Go through the records below and copy out every line holding "Lyst".

---- SUPPLIED RECORDS

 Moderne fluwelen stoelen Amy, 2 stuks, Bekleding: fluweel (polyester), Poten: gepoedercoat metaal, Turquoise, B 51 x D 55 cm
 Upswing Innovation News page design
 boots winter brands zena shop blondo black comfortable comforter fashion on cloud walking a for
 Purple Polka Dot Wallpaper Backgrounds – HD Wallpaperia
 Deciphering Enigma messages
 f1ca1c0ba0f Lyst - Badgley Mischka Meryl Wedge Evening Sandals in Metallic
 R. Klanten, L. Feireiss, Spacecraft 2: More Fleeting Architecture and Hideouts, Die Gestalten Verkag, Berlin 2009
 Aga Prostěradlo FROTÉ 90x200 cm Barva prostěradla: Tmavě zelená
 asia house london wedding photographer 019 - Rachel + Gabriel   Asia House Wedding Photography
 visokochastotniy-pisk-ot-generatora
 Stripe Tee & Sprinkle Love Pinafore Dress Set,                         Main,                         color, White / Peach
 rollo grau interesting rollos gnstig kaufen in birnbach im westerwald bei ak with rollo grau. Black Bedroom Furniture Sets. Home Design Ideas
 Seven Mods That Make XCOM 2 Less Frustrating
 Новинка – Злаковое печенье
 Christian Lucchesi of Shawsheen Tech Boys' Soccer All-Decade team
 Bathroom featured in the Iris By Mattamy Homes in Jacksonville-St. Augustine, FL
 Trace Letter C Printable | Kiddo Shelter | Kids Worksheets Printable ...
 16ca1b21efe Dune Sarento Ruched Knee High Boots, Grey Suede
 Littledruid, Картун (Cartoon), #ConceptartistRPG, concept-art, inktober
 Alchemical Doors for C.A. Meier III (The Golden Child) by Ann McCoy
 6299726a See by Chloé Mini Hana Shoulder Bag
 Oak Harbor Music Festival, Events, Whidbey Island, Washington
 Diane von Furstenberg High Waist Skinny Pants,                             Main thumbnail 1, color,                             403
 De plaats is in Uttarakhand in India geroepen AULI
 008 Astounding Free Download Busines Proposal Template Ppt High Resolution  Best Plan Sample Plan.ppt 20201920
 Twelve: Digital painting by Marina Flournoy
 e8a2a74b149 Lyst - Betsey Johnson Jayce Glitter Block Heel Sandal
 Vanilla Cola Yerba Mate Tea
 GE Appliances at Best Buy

--------

- _EXERCISE SOLUTION_
 f1ca1c0ba0f Lyst - Badgley Mischka Meryl Wedge Evening Sandals in Metallic
 e8a2a74b149 Lyst - Betsey Johnson Jayce Glitter Block Heel Sandal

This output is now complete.